═════ Records supplied

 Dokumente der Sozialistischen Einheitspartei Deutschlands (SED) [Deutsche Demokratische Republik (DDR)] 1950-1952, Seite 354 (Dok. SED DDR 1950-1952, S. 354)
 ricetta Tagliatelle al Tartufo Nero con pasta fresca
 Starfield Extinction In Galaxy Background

══════════
═════ Records supplied

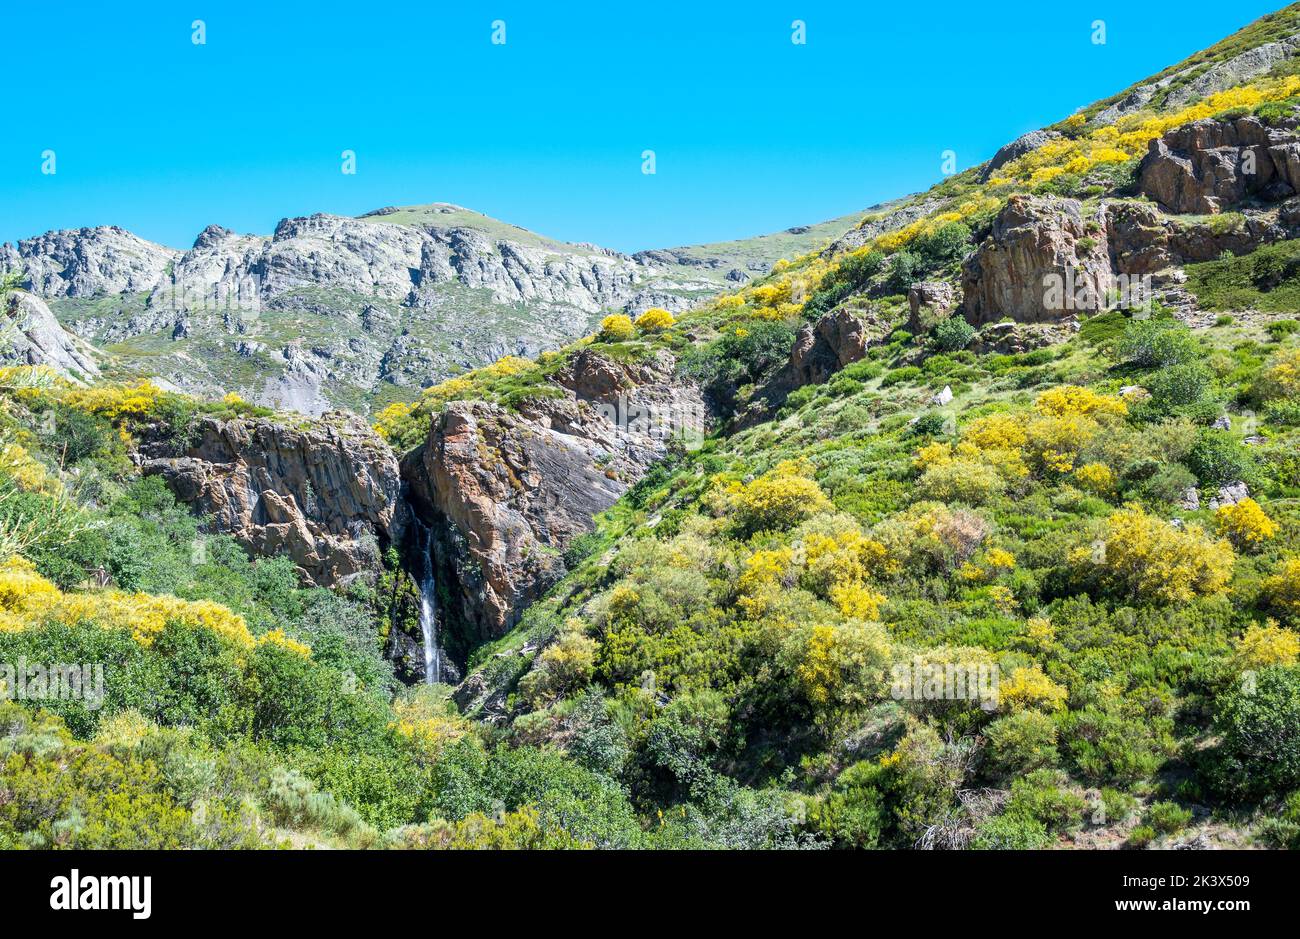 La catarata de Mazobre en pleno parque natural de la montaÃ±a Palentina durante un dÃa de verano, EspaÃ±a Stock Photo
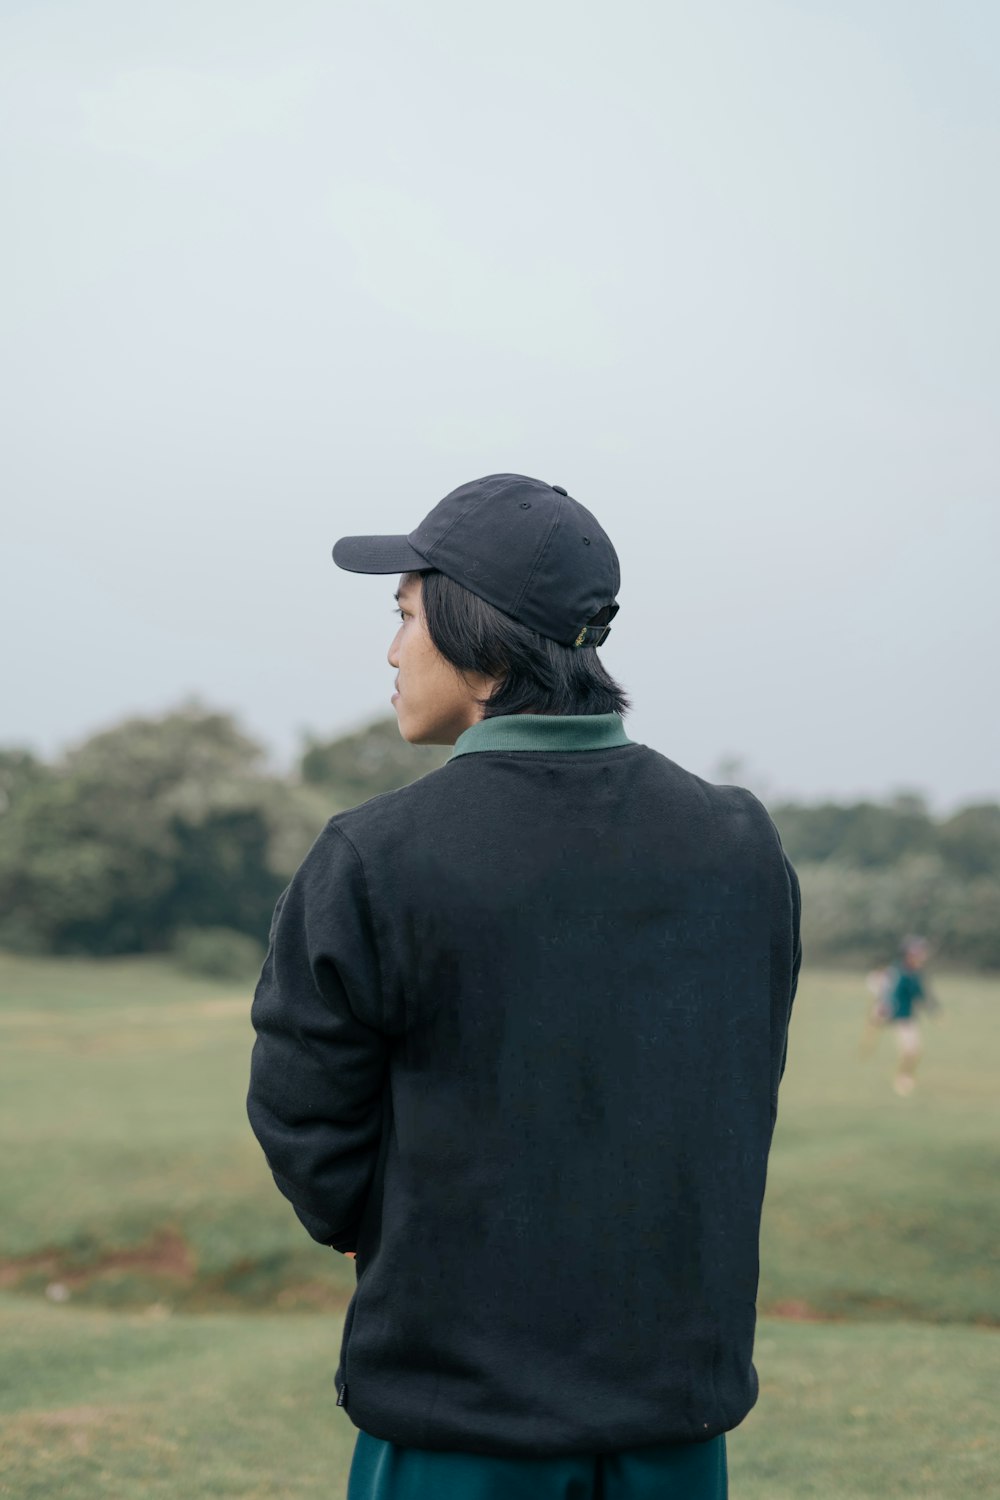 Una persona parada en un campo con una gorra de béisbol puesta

══════════

### [What is required]
Everything above from the line containing "Dokumente der Sozialistischen" down to the line containing "Starfield Extinction In Galaxy Background" is to be transcribed exactly, with both of those lines included and nothing else added.

### [Answer to this problem]
 Dokumente der Sozialistischen Einheitspartei Deutschlands (SED) [Deutsche Demokratische Republik (DDR)] 1950-1952, Seite 354 (Dok. SED DDR 1950-1952, S. 354)
 ricetta Tagliatelle al Tartufo Nero con pasta fresca
 Starfield Extinction In Galaxy Background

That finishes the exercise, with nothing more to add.